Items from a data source
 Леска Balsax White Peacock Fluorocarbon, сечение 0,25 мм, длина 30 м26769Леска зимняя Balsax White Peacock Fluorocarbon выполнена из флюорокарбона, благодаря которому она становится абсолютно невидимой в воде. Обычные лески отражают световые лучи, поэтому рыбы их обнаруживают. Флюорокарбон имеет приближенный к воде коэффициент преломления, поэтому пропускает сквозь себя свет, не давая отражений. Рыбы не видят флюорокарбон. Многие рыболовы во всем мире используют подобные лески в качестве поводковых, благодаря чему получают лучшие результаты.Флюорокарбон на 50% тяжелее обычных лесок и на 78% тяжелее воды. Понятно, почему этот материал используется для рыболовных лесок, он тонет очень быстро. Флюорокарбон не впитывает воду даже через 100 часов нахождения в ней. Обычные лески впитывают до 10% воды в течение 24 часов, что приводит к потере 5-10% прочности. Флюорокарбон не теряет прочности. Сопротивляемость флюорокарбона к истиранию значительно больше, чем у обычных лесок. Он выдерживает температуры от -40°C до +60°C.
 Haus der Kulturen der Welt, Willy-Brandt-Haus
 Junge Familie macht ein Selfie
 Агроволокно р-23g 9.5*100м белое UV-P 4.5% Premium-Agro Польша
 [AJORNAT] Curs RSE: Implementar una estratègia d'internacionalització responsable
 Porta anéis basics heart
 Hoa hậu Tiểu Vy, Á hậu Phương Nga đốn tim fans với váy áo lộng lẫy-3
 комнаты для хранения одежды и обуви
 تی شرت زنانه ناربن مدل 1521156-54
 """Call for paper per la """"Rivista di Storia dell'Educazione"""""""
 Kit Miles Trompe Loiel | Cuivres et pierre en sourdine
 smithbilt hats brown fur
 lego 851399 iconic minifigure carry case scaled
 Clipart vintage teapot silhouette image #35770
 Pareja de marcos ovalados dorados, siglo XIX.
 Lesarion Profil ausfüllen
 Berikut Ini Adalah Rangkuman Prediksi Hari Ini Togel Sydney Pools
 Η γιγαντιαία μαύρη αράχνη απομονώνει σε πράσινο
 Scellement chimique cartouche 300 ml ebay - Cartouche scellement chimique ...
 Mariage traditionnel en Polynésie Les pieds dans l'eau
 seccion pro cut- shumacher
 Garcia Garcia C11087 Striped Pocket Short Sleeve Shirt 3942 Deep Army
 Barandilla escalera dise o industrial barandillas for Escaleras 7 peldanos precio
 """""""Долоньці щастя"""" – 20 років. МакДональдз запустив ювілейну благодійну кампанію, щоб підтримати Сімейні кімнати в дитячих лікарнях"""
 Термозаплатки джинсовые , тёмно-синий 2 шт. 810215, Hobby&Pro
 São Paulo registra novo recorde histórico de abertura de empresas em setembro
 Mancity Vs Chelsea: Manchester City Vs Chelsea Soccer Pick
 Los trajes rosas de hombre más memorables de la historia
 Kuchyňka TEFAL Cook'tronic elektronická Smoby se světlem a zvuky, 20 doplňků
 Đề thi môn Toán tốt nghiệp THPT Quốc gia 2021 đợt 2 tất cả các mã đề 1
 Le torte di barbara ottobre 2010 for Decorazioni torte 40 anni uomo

**ASSIGNMENT**
Repeat each record above precisely as written.

**FINAL ANSWER**
 Леска Balsax White Peacock Fluorocarbon, сечение 0,25 мм, длина 30 м26769Леска зимняя Balsax White Peacock Fluorocarbon выполнена из флюорокарбона, благодаря которому она становится абсолютно невидимой в воде. Обычные лески отражают световые лучи, поэтому рыбы их обнаруживают. Флюорокарбон имеет приближенный к воде коэффициент преломления, поэтому пропускает сквозь себя свет, не давая отражений. Рыбы не видят флюорокарбон. Многие рыболовы во всем мире используют подобные лески в качестве поводковых, благодаря чему получают лучшие результаты.Флюорокарбон на 50% тяжелее обычных лесок и на 78% тяжелее воды. Понятно, почему этот материал используется для рыболовных лесок, он тонет очень быстро. Флюорокарбон не впитывает воду даже через 100 часов нахождения в ней. Обычные лески впитывают до 10% воды в течение 24 часов, что приводит к потере 5-10% прочности. Флюорокарбон не теряет прочности. Сопротивляемость флюорокарбона к истиранию значительно больше, чем у обычных лесок. Он выдерживает температуры от -40°C до +60°C.
 Haus der Kulturen der Welt, Willy-Brandt-Haus
 Junge Familie macht ein Selfie
 Агроволокно р-23g 9.5*100м белое UV-P 4.5% Premium-Agro Польша
 [AJORNAT] Curs RSE: Implementar una estratègia d'internacionalització responsable
 Porta anéis basics heart
 Hoa hậu Tiểu Vy, Á hậu Phương Nga đốn tim fans với váy áo lộng lẫy-3
 комнаты для хранения одежды и обуви
 تی شرت زنانه ناربن مدل 1521156-54
 """Call for paper per la """"Rivista di Storia dell'Educazione"""""""
 Kit Miles Trompe Loiel | Cuivres et pierre en sourdine
 smithbilt hats brown fur
 lego 851399 iconic minifigure carry case scaled
 Clipart vintage teapot silhouette image #35770
 Pareja de marcos ovalados dorados, siglo XIX.
 Lesarion Profil ausfüllen
 Berikut Ini Adalah Rangkuman Prediksi Hari Ini Togel Sydney Pools
 Η γιγαντιαία μαύρη αράχνη απομονώνει σε πράσινο
 Scellement chimique cartouche 300 ml ebay - Cartouche scellement chimique ...
 Mariage traditionnel en Polynésie Les pieds dans l'eau
 seccion pro cut- shumacher
 Garcia Garcia C11087 Striped Pocket Short Sleeve Shirt 3942 Deep Army
 Barandilla escalera dise o industrial barandillas for Escaleras 7 peldanos precio
 """""""Долоньці щастя"""" – 20 років. МакДональдз запустив ювілейну благодійну кампанію, щоб підтримати Сімейні кімнати в дитячих лікарнях"""
 Термозаплатки джинсовые , тёмно-синий 2 шт. 810215, Hobby&Pro
 São Paulo registra novo recorde histórico de abertura de empresas em setembro
 Mancity Vs Chelsea: Manchester City Vs Chelsea Soccer Pick
 Los trajes rosas de hombre más memorables de la historia
 Kuchyňka TEFAL Cook'tronic elektronická Smoby se světlem a zvuky, 20 doplňků
 Đề thi môn Toán tốt nghiệp THPT Quốc gia 2021 đợt 2 tất cả các mã đề 1
 Le torte di barbara ottobre 2010 for Decorazioni torte 40 anni uomo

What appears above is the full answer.